Reflexión a modo de notas, hacia dónde nos orienta la liturgia del domingo.
JESÚS NOS LLAMA A SALIR DE LA MUERTE Y A CAMINAR
Giotto. Basilica inferior de Asís |
Leyendo con atención los evangelios, vemos que Jesús encuentra a la gente en las calles y en las casas. Sólo en contadas ocasiones en las sinagogas o en el Templo; pero incluso en estos casos no hace gestos “religiosos” sino gestos humanos, como las curaciones. Y son siempre encuentros que cambian la vida. Sin negar la función del templo (vemos cómo expulsa airado a los comerciantes y cambistas que lo están profanando), extiende y enriquece la entrega del fiel a Dios dentro del templo, con la entrega al prójimo fuera del templo.
Hoy en el evangelio de Juan (Jn.11,1-45) nos presenta el encuentro de Jesús con las hermanas que lloran al hermano muerto y después el encuentro con Lázaro al que Jesús llama a “salir de la muerte”. En un recado le habían dicho que el amigo estaba enfermo. Jesús no se puso en camino de inmediato. A los discípulos les dijo que aquella enfermedad no era para muerte sino para la gloria de Dios. ¿Qué podían entender a partir de esta frase los discípulos? Cuando está cerca de Betania, Jesús no llega a entrar en la aldea: Marta le sale al encuentro para acogerlo y expresar su dolor. Mientras comprendemos el llanto de Marta y María y la compasión de Jesús por ellas, escuchamos lo que el Señor dice a Marta: tu hermano resucitará, no sólo en el último día, sino en este día.
Jesús, después de presentarse como fuente de agua viva a la samaritana y como luz al ciego, ahora se presenta como la resurrección y la vida y promete que quien cree en Él, aunque pase por la muerte vivirá. Con la fe de Marta y María, una fe aún frágil y en camino, acompañemos a Jesús hasta el sepulcro. Lo oímos dar gracias al Padre porque lo escucha. Después lo oímos gritar dirigiéndose al muerto y ordenándole salir. Y he aquí al amigo Lázaro devuelto a la vida, nacido una segunda vez, resucitado.
En el evangelio de Juan, como en la Cuaresma, estamos en un camino sin retorno: la resurrección de Lázaro es para el evangelista el último signo de Jesús, el que provoca la decisión de su muerte y anticipa el misterio de su Resurrección.
En el camino catecumenal de la Cuaresma, después de las Tentaciones y la Transfiguración que manifiestan la humanidad obediente de Jesús y su divinidad escondida; después de la samaritana y el ciego de nacimiento que nos presentan los signos bautismales del agua y de la luz; viene ahora coronando la catequesis el signo de Lázaro, que nos presenta a Jesús como resurrección y vida, y nos introduce en el tiempo de Pasión.
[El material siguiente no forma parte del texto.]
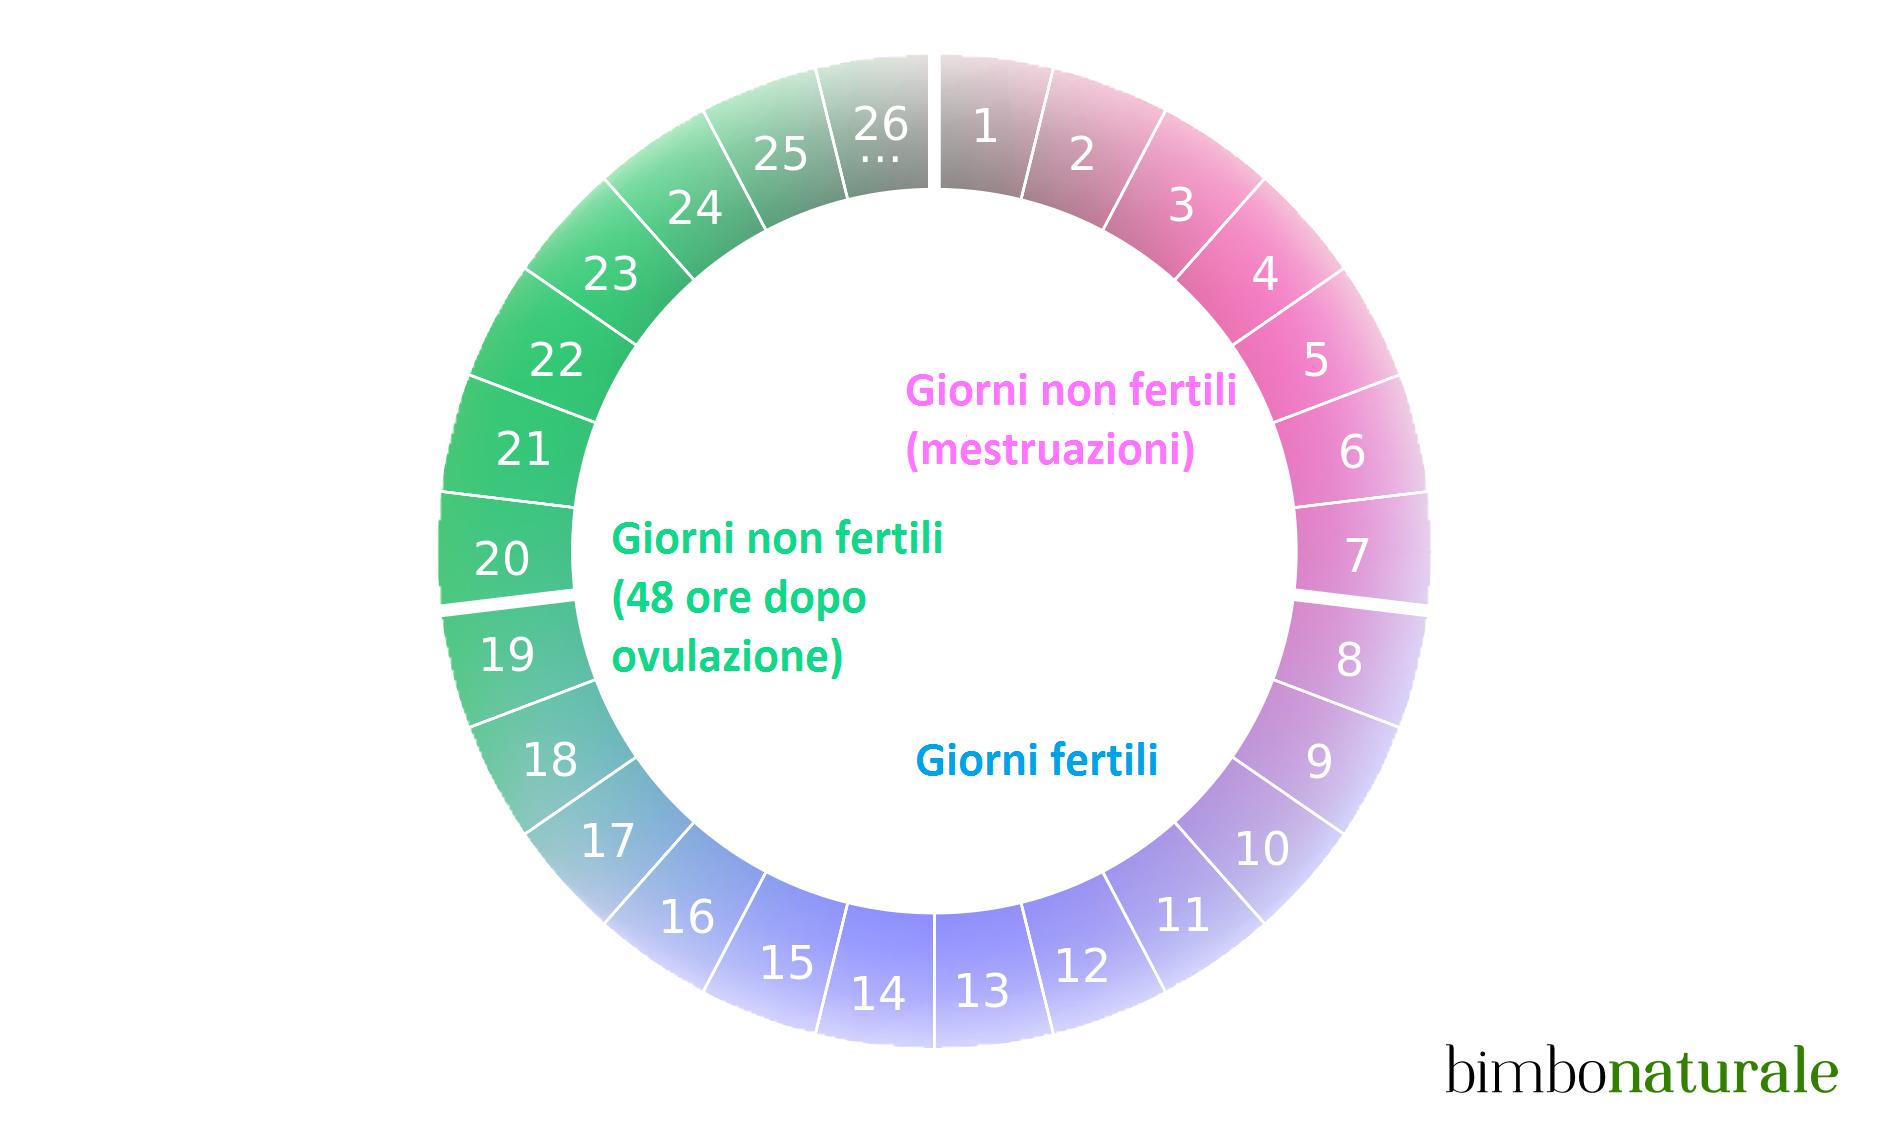 Come funziona il ciclo mestruale calcola i giorni fertili e il periodo dell ovulazione - Sensazione di bagnato prima del ciclo o gravidanza ...

Quien confiesa a Jesús como Mesías, Señor de la Vida, puede atravesar la muerte sin quedar aprisionado en ella; puede acompañar a Jesús en su Pasión, confiando como Él en el poder del Padre.
Creemos en la resurrección como destino del creyente tras la muerte; pero la fe en la resurrección atañe a la vida de cada uno de nosotros ahora, durante nuestra vida en este mundo. Las dos primeras lecturas de hoy lo confirman y lo explican. Ezequiel, comparando el exilio a la muerte, anuncia el retorno a la tierra prometida como la resurrección del pueblo de Israel. Pablo, escribiendo a los romanos, nos recuerda que el que vive según la carne está muerto, mientras que aquel que vive según el poder del Espíritu posee un manantial de vida que produce sus efectos ya ahora: porque nos lleva a cumplir las obras de la luz ya en este momento, dando vida plena a nuestra existencia, que es mortal a causa del pecado. Venciendo el pecado, Jesús ha vencido a la muerte y nos ha abierto el camino de la vida en plenitud; una plenitud que empieza ya en esta vida y que continúa en Dios. Nuestro bautismo, que en la noche pascual renovamos, no es algo estático que aconteció una vez para siempre: más bien es un caminar cada día de manera nueva en la ruta que Jesús nos ha abierto, hacia la vida plena de Dios.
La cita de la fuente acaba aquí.